*Work task*.
What is needed is the exact text of each line in the listing below from the one with "Milliyetçi Hareket Partisi'nin" up to and including the one with "Apfelgarten im Winter", and no pictures.

*Provided data*.
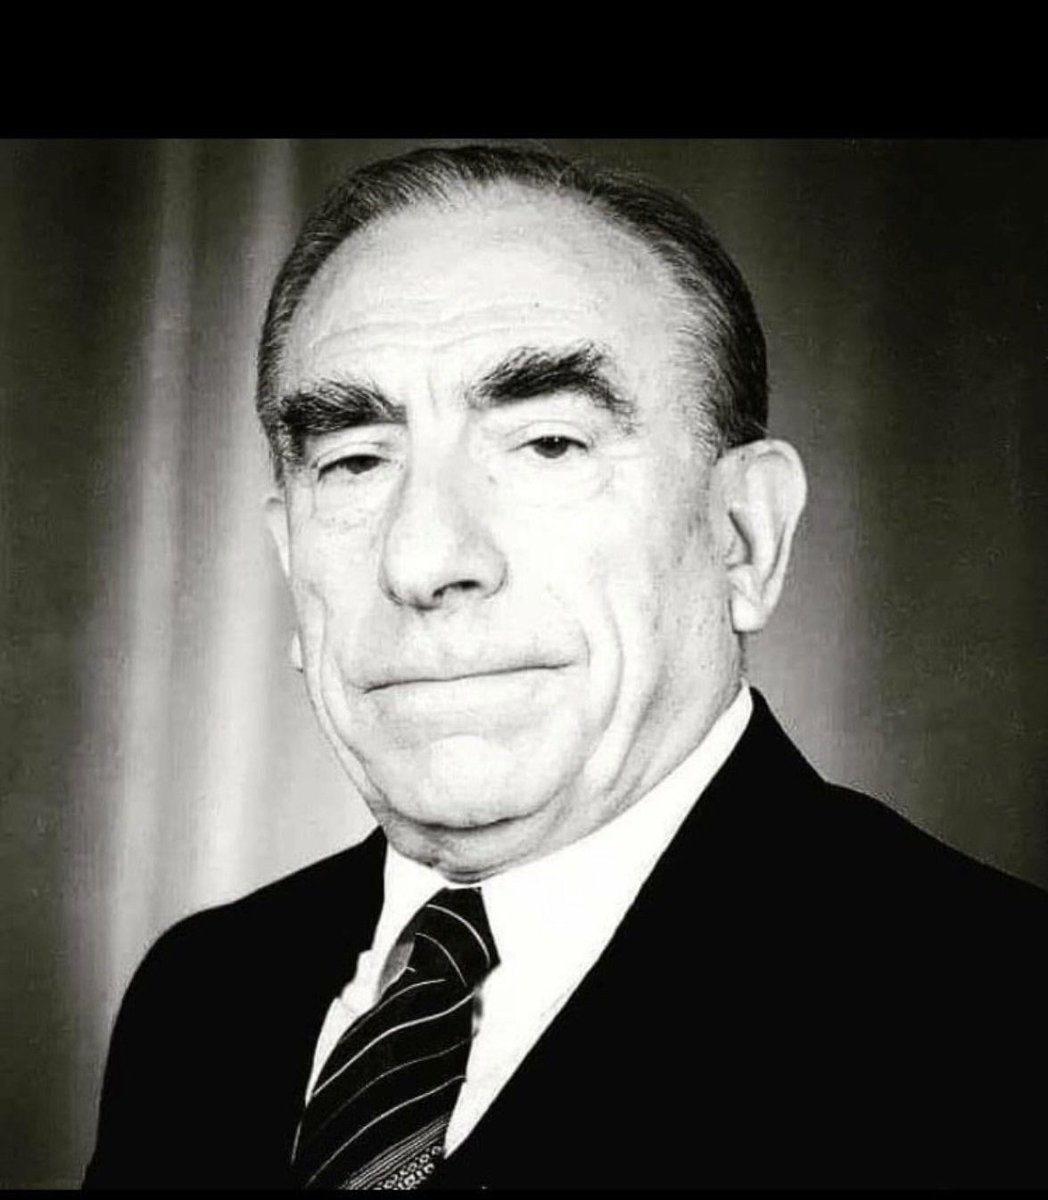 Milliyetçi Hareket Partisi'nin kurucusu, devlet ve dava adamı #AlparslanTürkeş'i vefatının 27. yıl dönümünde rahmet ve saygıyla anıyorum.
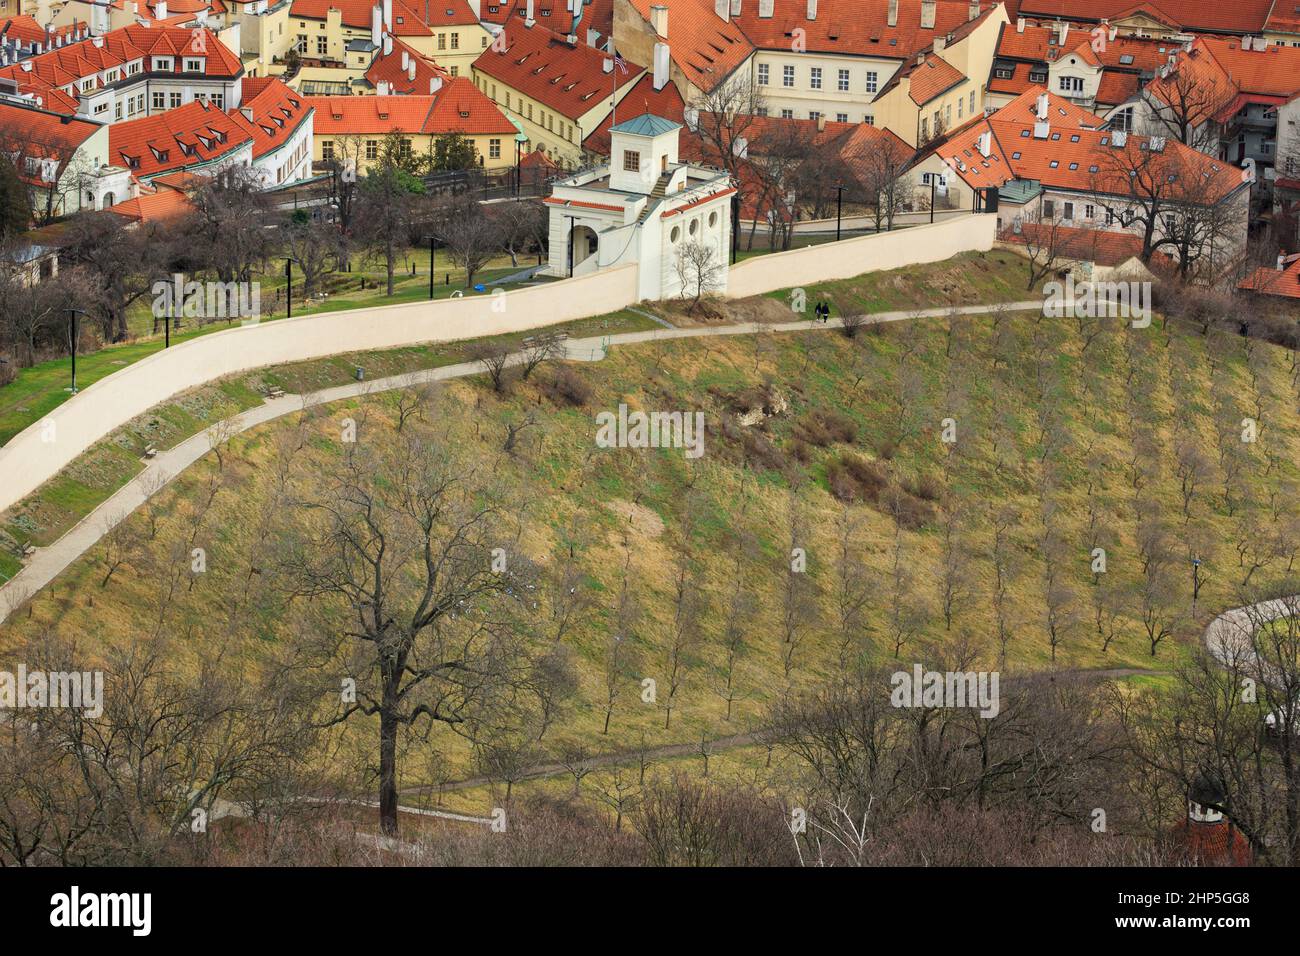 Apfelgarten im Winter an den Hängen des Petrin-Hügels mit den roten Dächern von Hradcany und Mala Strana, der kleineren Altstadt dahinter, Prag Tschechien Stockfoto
--
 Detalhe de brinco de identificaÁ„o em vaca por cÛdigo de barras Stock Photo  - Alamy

*Your solution*.
 Milliyetçi Hareket Partisi'nin kurucusu, devlet ve dava adamı #AlparslanTürkeş'i vefatının 27. yıl dönümünde rahmet ve saygıyla anıyorum.
 Apfelgarten im Winter an den Hängen des Petrin-Hügels mit den roten Dächern von Hradcany und Mala Strana, der kleineren Altstadt dahinter, Prag Tschechien Stockfoto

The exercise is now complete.